A computer generated video of a cell membrane being “pierced” by HIV peptides
The positively charged HIV peptides (shown in red) are drawn to negatively charged phosphates (shown in yellow) in the cell membrane. When an HIV peptide cannot satisfy itself with the negative charges available on the cell membrane surface it is directly attached to, it reaches through the membrane to grab negatively charged phosphates (shown in green) on the other side, opening a hole in the cell. Once all the peptides have been neutralized, the reaction stops and the hole closes, leaving behind a healthy, viable cell.
Observations and Results
As was expected, in their simulations the researchers observed that the positive charges in the peptide quickly attached to the surface of the cell membrane and sought out and reacted with negatively charged phosphates from the charged portion of the lipid bilayer to satisfy their need for neutrality. “Then the peptide entered the forbidden territory of the cell,” Garcia said. The positively charged peptide entered the membrane. “This is when this mechanism starts to challenge conventional wisdom,” he said.
The researchers’ model systems show the peptides grabbing for surrounding negative charges, but when no more of those charges are available due to their greedy peptide neighbors, some of the peptides reach into the cell membrane and grab negative charged phosphates from the other side. This opens a hole in the cell membrane and allows the flow of water and other material into the cell. Once all the peptides have been neutralized, the reaction stops and the hole closes, leaving behind a healthy, viable cell.

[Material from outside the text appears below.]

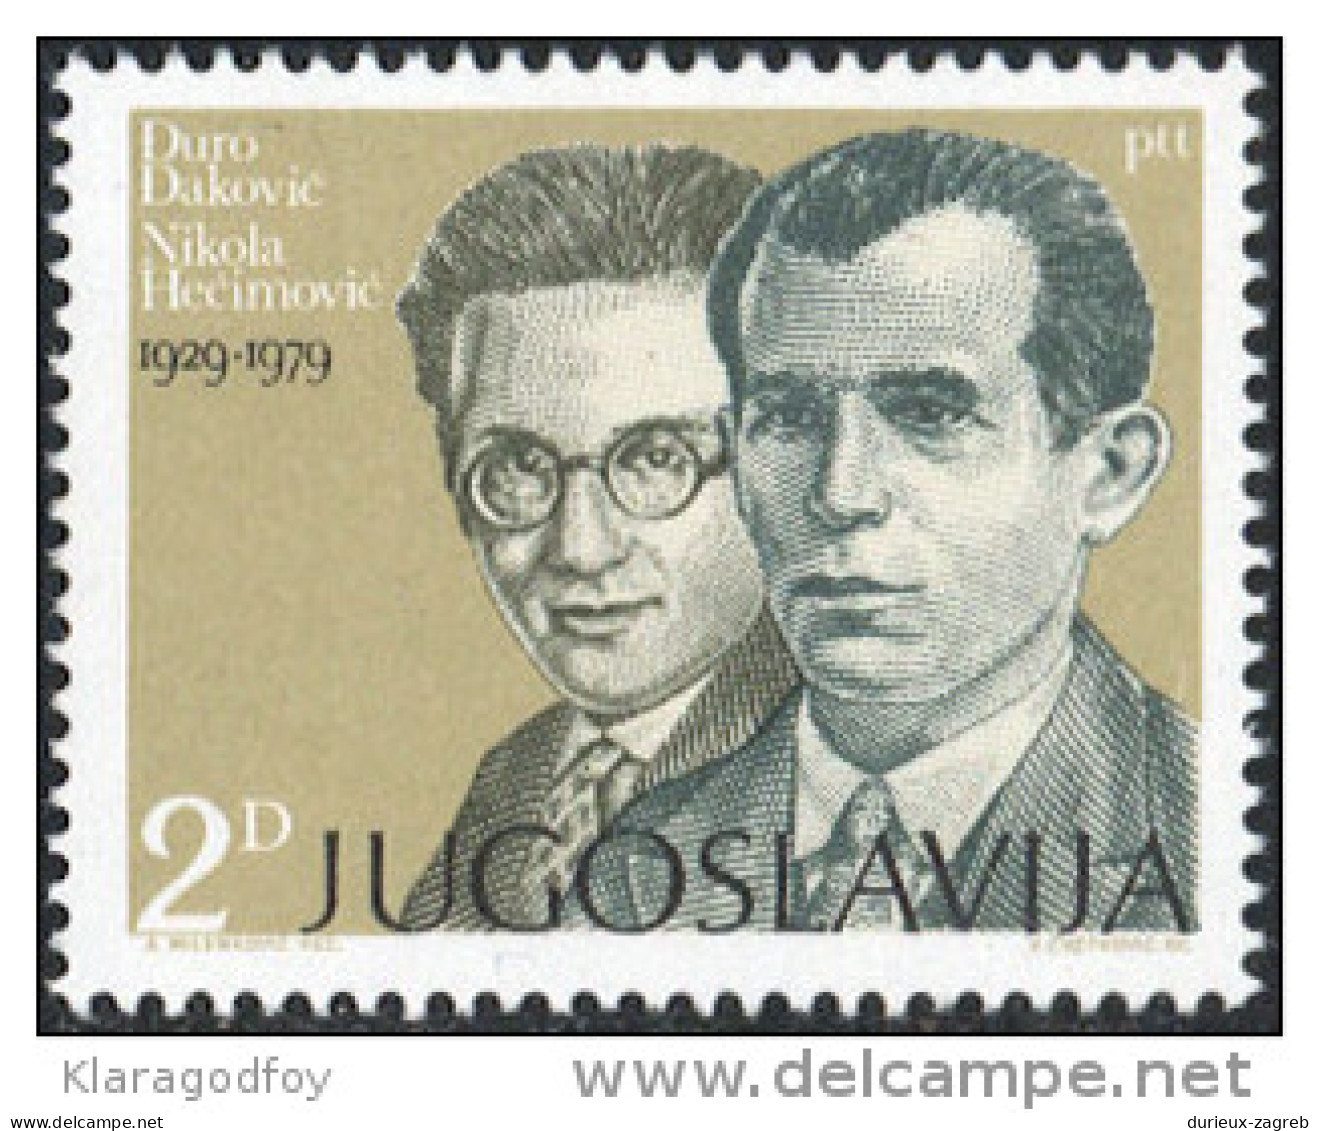 Yugoslavia 1979 Djuro Djakovic And Nikola Hecimovic MiNr 1815 MNH - Nuevos

For the paper, the researchers reported a dozen different simulations run through a high-powered cluster of computers. Each simulation required a long process of testing and validating results. Garcia’s computer cluster is now running simulations on the use of antimicrobial proteins which will open a pore in the cell and keep it open, killing the cell. Antimicrobial proteins have promising direct applications for killing harmful cells in the body.
Garcia hopes to harness the power of Rensselaer’s newly opened Computational Center for Nanotechnology Innovations (CCNI), which houses the world’s most powerful university-based supercomputing center. The CCNI will allow him to compile two years’ worth of data on his normal cluster in just 10 to 20 days.
The research was funded by the National Science Foundation (NSF) through the Rensselaer Nanoscale Science and Engineering Center for Directed Assembly of Nanostructures (NSEC) and Rensselaer Polytechnic Institute. Garcia is a member of the Rensselaer Center for Biotechnology and Interdisciplinary Studies.